Wysłany: Sro Mar 23, 2011 21:43 [R620 SDi] pomocy sprzeglo
Typ: SDi Rodzaj silnika: diesel Pojemnosc silnika: 2.0 Rok produkcji: 1997
jak w temacie mianowicie pedał sprzęgła wpadł w podłogę i tam został dokładnie za trzecim naciśnięciem od momentu jak poczulem ze coraz słabiej ( głębiej ) bierze sprzęglo , moge go cofnąć ręką ale po ponownym naciśnięciu znow to samo ( kiedy reka ruszalem pedalem pod kniec poczulem lekki opor ale podczas kolejnych nacisniec juz byl flak , i tak za kazdym razem jak chwile postoi czuc lekki opor przez jedno lub 2 nacisniecia reka , pozniej juz nic no i za kazdym razem zostaje na podlodze ) ( a to moze byc wazne : pod pedalem sprzegla na skrawku blachy gdzie nie ma tapicerki widac tak jakby byla zroszona jakims plynem )
SPAMU¦
Wysłany: Sro Mar 23, 2011 21:43 Post o charakterze reklamowym.
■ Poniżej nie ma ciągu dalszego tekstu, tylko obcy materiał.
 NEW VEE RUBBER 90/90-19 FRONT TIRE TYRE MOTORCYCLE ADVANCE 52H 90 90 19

Każde Twoje kliknięcie zwiększa nasze szanse przeżycia ;)
Pomógł: 8 razy Dołączył: 29 Mar 2010 Posty: 256 Skąd: Płońsk
Wysłany: Sro Mar 23, 2011 22:03
jak widać jakiś płyn to pompka sprzęgła do sprawdzenia czy nie cieknie. miałem tak samo.
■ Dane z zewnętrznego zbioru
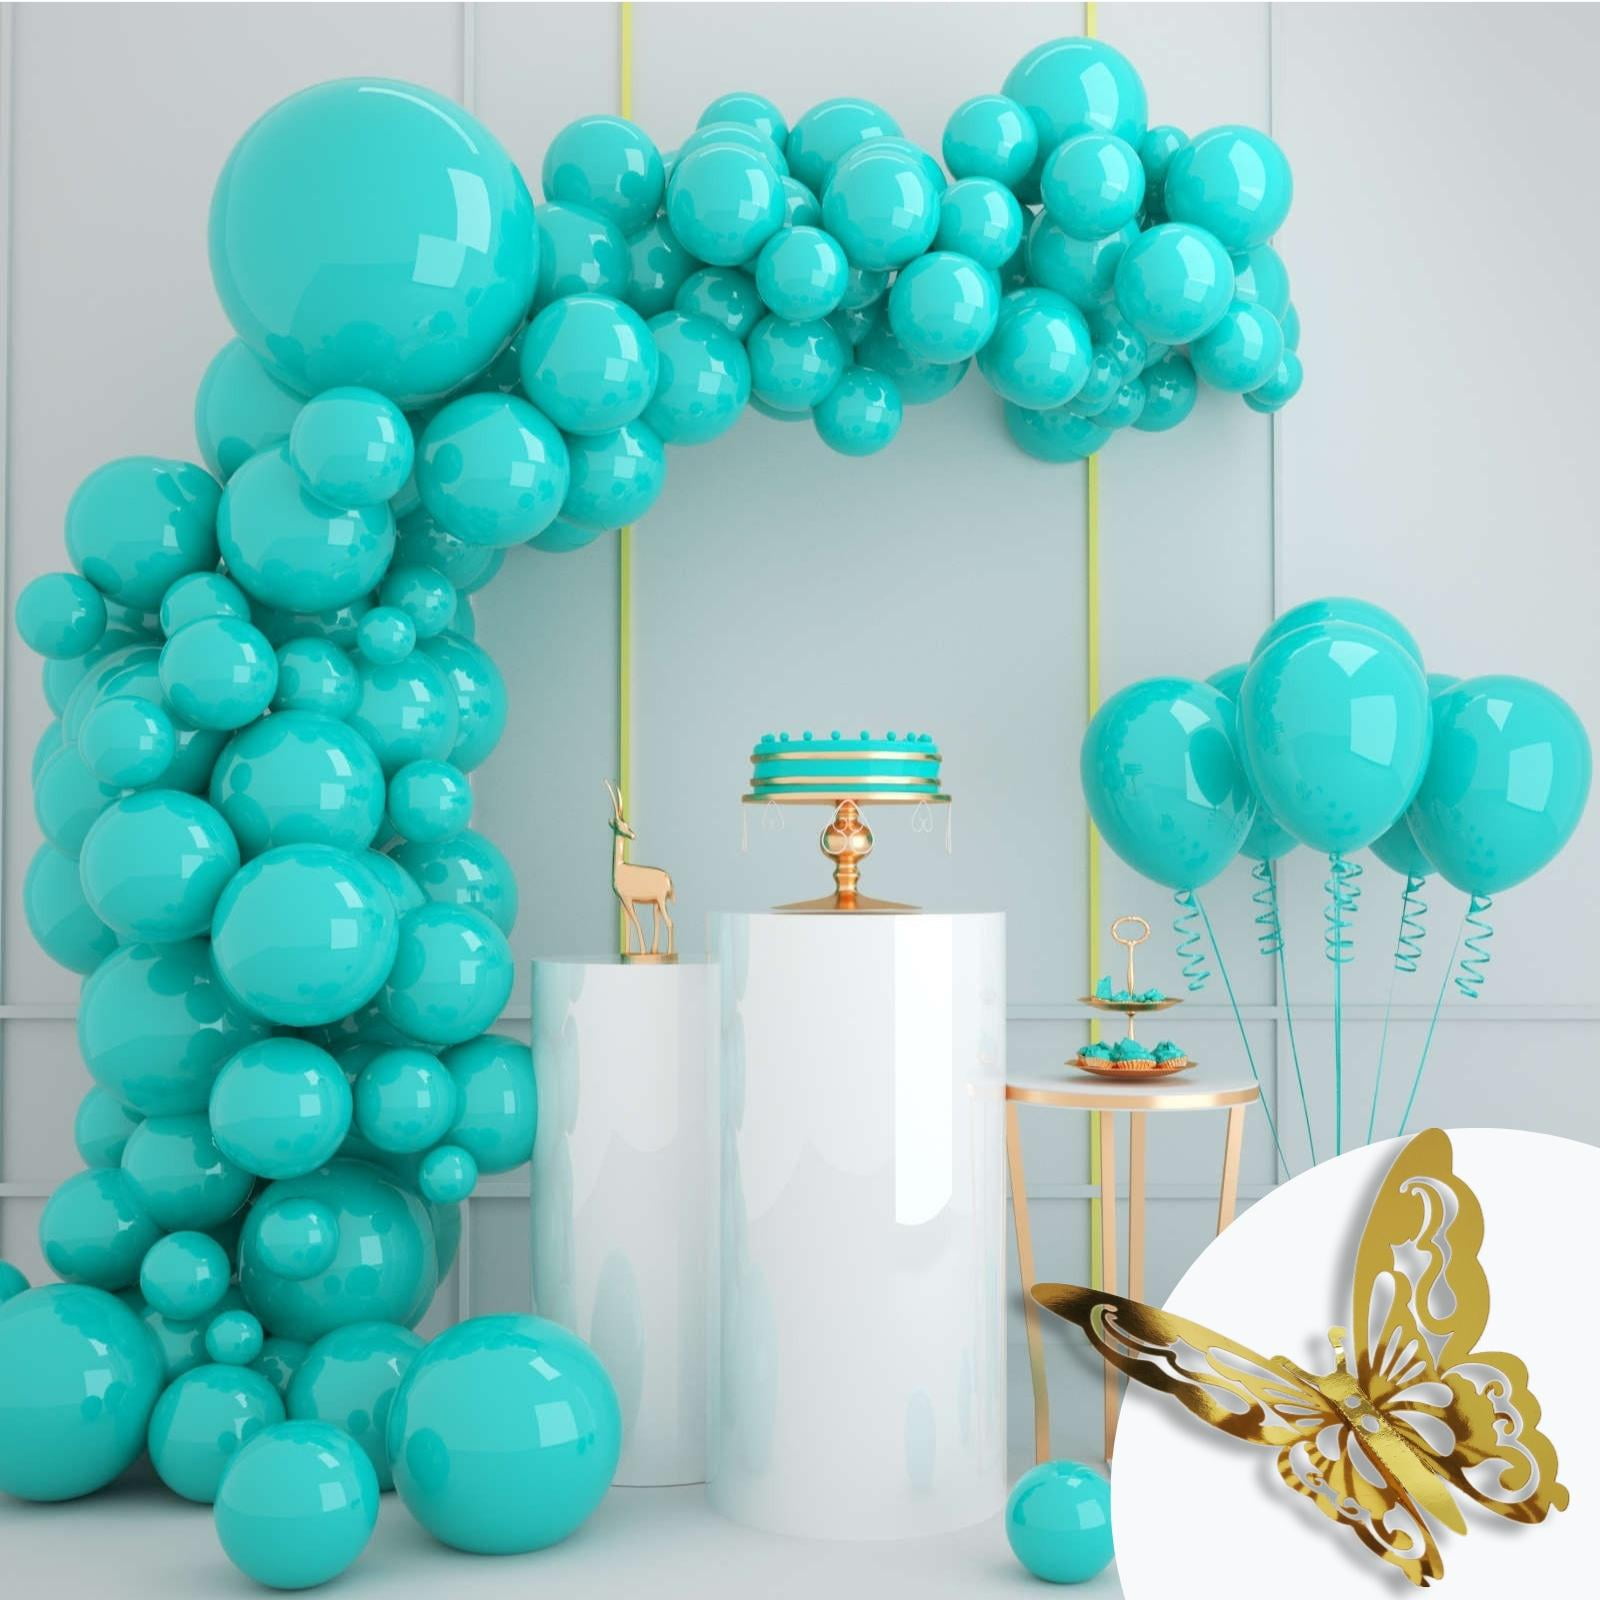 Visondeco White Balloon Garland Kit - 94pcs White Balloons with Gold  Butterflies; Different Sizes: 5, 12, and 18 White Balloon Arch for White  Party

sprawdź też ile masz płynu w zbiorniczku wyrównawczym. brak oznacza wyciek
Przy tych samych objawach, też odciągałem ręką pedał sprzęgła, płynu też trochę poszło, pozbyłem się wysprzęglika, powodem była trochę skrzywiona łapa sprzęgła.
Pompka sprzęgła ma wyciek. Sprawdź poziom płynu w układzie wysprzęglania. Taki mały zbiorniczek obok zbiornika na płyn hamulcowy. Jeśli mało to dolej tam dot-4 lub inny podobny płyn hamulcowy.
Lucekch napisał/a:
pod pedalem sprzegla na skrawku blachy gdzie nie ma tapicerki widac tak jakby byla zroszona jakims plynem
Prawdo podobnie będziesz musiał zregenerować pompę sprzęgła. Zestaw naprawczy (kilka gumek) kosztuje ok 15-20zł.
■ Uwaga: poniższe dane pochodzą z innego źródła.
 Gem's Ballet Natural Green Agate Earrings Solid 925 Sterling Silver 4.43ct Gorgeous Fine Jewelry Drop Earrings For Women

Zgadzam się z przedmówcą, bo miałem podobny problem.
Po wymianie kilku gumek hula jak trzeba a słyszałem, że mam sprzęgło do wymiany.
Sprawdź czy masz szczelny układ.
Koniecznie pilnuj, aby zbiorniczek ten mniejszy był zalany płynem.
I powodzenia przy odpowietrzaniu, bo ja miałem lekkie problemy z uzyskaniem odpowiedniej twardości pedału sprzęgła.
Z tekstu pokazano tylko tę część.